First we need to combine the two datasets based upon the participant
identifier. Once the data has been joined we can use
conditional_transform()
to transform the x coordinates
across the midline.
data <- merge(data_smooth, data_behavioural) # merges with the common variables pNum and trial
data <- conditional_transform(data,
flip = "x", #flip across x midline
cond_column = "cue_order", #this column holds the counterbalance information
cond_values = "2",#which values in cond_column to flip
message = FALSE) #suppress message that would repeat "Flipping across x midline"
In this next stage, we can start to explore the functions available
for determining fixations within the data. The two main functions here
are fixation_dispersion()
and fixation_VTI()
.
Alongside these, is the option to compare_algorithms()
which produces a small number of metrics and plots to help visualise the
two fixation algorithms. We will first demonstrate and explain the two
algorithms before demonstrating compare_algorithms()
as
this relies on the two fixation algorithms.
fixation_dispersion()
detects fixations by assessing the
dispersion of the eye position using a method similar to that
proposed by Salvucci and Goldberg (1996)1. This evaluates the
maximum dispersion (distance) between x/y coordinates across a window of
data, and looks for sufficient periods in which this maximum dispersion
is below the specified dispersion tolerance. NAs are considered breaks
in the data and are not permitted within a valid fixation period. By
default, it runs the interpolation algorithm and this can be switched
off using the relevant parameter.
data_fixations_disp <- fixation_dispersion(data,
min_dur = 150, # Minimum duration (in milliseconds) of period over which fixations are assessed
disp_tol = 100, # Maximum tolerance (in pixels) for the dispersion of values allowed over fixation period
run_interp = FALSE, # the default is true, but we have already run interpolate()

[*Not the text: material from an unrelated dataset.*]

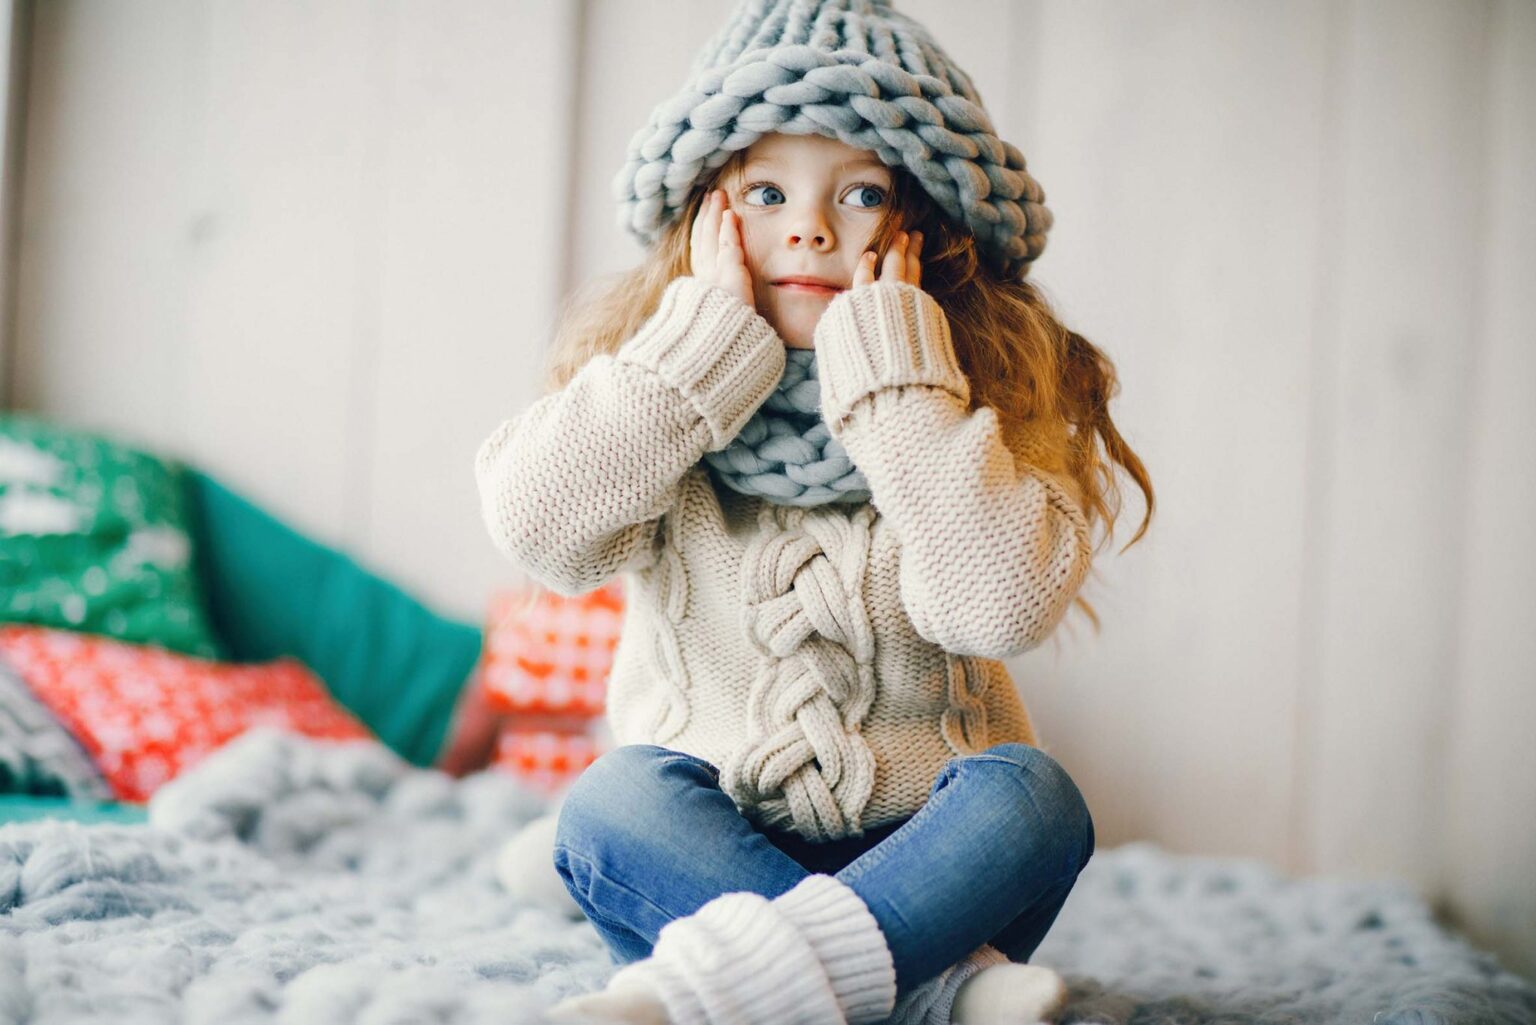 Criança vestindo roupas quentinhas durante o inverno.

NA_tol = 0.25, # the proportion of NAs tolerated within any window of samples evaluated as a fixation
progress = FALSE, # whether to display a progress bar or not
participant_ID = "pNum")
The resultant data output from fixation_dispersion()
presents data by trial and fixation. It gives the start and end time for
these fixations along with their duration and the x,y coordinates for
the entry of the fixation.
## pNum trial fix_n start end duration x y prop_NA min_dur disp_tol
## 1 118 1 1 0 173 173 959 811 0 150 100
## 2 118 1 2 197 397 200 961 590 0 150 100
## 3 118 1 3 400 653 253 958 491 0 150 100
## 4 118 1 4 803 1067 264 1370 839 0 150 100
## 5 118 1 5 1233 1390 157 997 545 0 150 100
## 6 118 1 6 1393 1703 310 969 477 0 150 100
The fixation_VTI()
function operates differently to
fixation_dispersion()
. It determines fixations by assessing
the velocity of eye-movements, using a method that is similar
to that proposed by Salvucci & Goldberg (1996). This applies the
algorithm used in VTI_saccade()
(detailed below) and
removes the identified saccades before assessing whether separated
fixations are outside of the dispersion tolerance. If they are outside
of this tolerance, the fixation is treated as a new fixation regardless
of the length of saccade separating them. Compared to
fixation_dispersion()
, fixation_VTI()
is more
conservative in determining a fixation as smaller saccades are
discounted and the resulting data is treated as a continued fixation
(assuming it is within the pixel tolerance set by disp_tol).
In simple terms, fixation_VTI()
calculates the saccades
within the data and identifies fixations as (essentially) non-saccade
periods. To avoid eye gaze drift, it applies a dispersion tolerance
parameter as well to ensure that fixations can be appropriately
localised to an x,y coordinate pair. One current limitation to
fixation_VTI()
that is not present in
fixation_dispersion()
is the need for data to be complete
with no NAs present, otherwise it cannot compute the saccades.
The fixation_VTI()
works best on unsmoothed data (with
default settings), as the smoothing process alters the velocity of the
eye movement. When working with smoothed data, lowering the default
threshold parameter is recommended as the “jerky” saccadic starts are
less sudden and so the entry point of a saccade is sooner.
data_fixations_VTI <- fixation_VTI(data,
threshold = 80, #smoothed data, so use a lower threshold
min_dur = 150, # Minimum duration (in milliseconds) of period over which fixations are assessed
min_dur_sac = 20, # Minimum duration (in milliseconds) for saccades to be determined
disp_tol = 100, # Maximum tolerance (in pixels) for the dispersion of values allowed over fixation period
run_interp = TRUE,
smooth = FALSE,
progress = FALSE, # whether to display a progress bar or not, when running multiple participants
participant_ID = "pNum")
## pNum trialNumber fix_n start end duration x y min_dur
## 1 118 1 1 0 727 727 959.2461 598.7982 150
## 2 118 1 2 817 1150 333 1381.7121 839.4826 150
## 3 118 1 3 1230 1696 466 978.8340 500.6471 150
## 4 118 1 4 1733 2156 423 957.8373 170.8460 150
## 5 118 1 5 2263 2670 407 378.2771 831.3155 150
## 6 118 1 6 2773 3110 337 965.2839 399.2603 150
## disp_tol
## 1 100
## 2 100
## 3 100
## 4 100
## 5 100
## 6 100
This is also a sensible point to briefly highlight the underlying
saccade detection process. This can be accessed directly using
saccade_VTI()
. This uses the velocity threshold algorithm
from Salvucci & Goldberg (1996) to determine saccadic eye movements.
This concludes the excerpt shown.